NOTICE: NOT FOR PUBLICATION.
UNDER ARIZONA RULE OF THE SUPREME COURT 111(c), THIS DECISION DOES NOT CREATE
LEGAL PRECEDENT AND MAY NOT BE CITED EXCEPT AS AUTHORIZED.
IN THE
ARIZONA COURT OF APPEALS
DIVISION ONE
STATE OF ARIZONA, Appellee,
v.
PAUL CLEMETH MELVILLE, JR., Appellant.
No. 1 CA-CR 13-0639
FILED 07-29-2014
Appeal from the Superior Court in Maricopa County
No. CR2012-009547-002
The Honorable Peter C. Reinstein, Judge
AFFIRMED
COUNSEL
Arizona Attorney General’s Office, Phoenix
By Myles A. Braccio
Counsel for Appellee
Maricopa County Legal Defender’s Office, Phoenix
By Cynthia D. Beck
Counsel for Appellant
STATE v. MELVILLE
Decision of the Court
MEMORANDUM DECISION
Judge Kent E. Cattani delivered the decision of the Court, in which
Presiding Judge Randall M. Howe and Judge John C. Gemmill joined.
C A T T A N I, Judge:
¶1 Paul Clemeth Melville, Jr., appeals from his convictions of
two counts of armed robbery and four counts of aggravated assault and
the resulting sentences. Melville argues the superior court erred by
allowing the State to impeach him by reference to a prior conviction. For
reasons that follow, we affirm.
FACTS AND PROCEDURAL BACKGROUND
¶2 In early November 2012, J.R. and L.N. stopped by an
apartment to pick up L.C. on their way to a bar. The three were talking in
the living room, just inside the doorway, when Melville and his father
burst through the front door, guns drawn, and ordered them to the
ground. Melville put a gun to J.R.’s head and ordered him to lie on the
ground and be quiet, and Melville’s father similarly ordered L.N. to the
ground at gunpoint. Melville then pulled zip-ties from his waistband and
bound all three victims’ hands behind their backs.

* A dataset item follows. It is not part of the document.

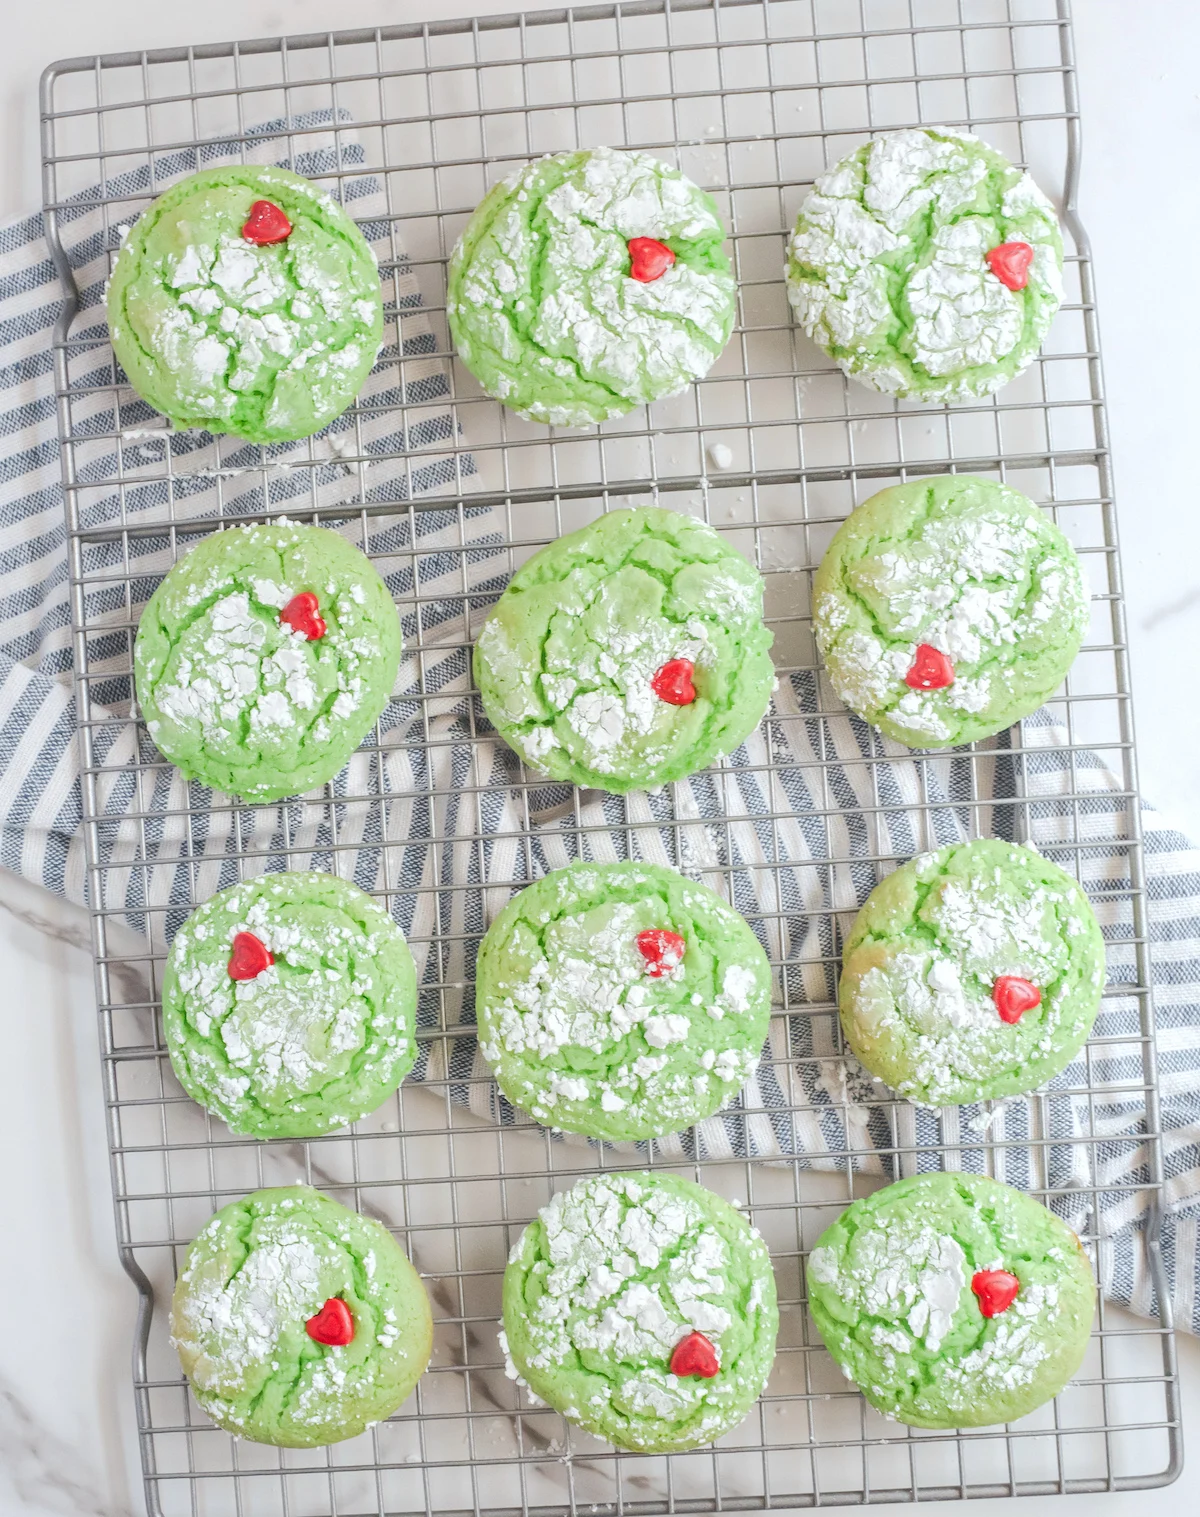 Heart shapes pressed into the green cake mix cookies

¶3 Melville searched J.R.’s pockets, taking the victim’s keys, cell
phone, and wallet. Melville or his father also searched L.N., taking keys,
$200 cash, and a cell phone, which Melville’s father crushed with his foot.
Melville’s father took D.C. upstairs briefly, then returned and laid D.C. on
the ground in the living room. After warning the victims to stay where
they were and not to call the police, Melville and his father left the
apartment.
¶4 Around the same time, R.C. was walking from a different
apartment toward his car, parked one space away from the Melvilles’
vehicle. Melville’s father followed R.C. to his car and, when R.C.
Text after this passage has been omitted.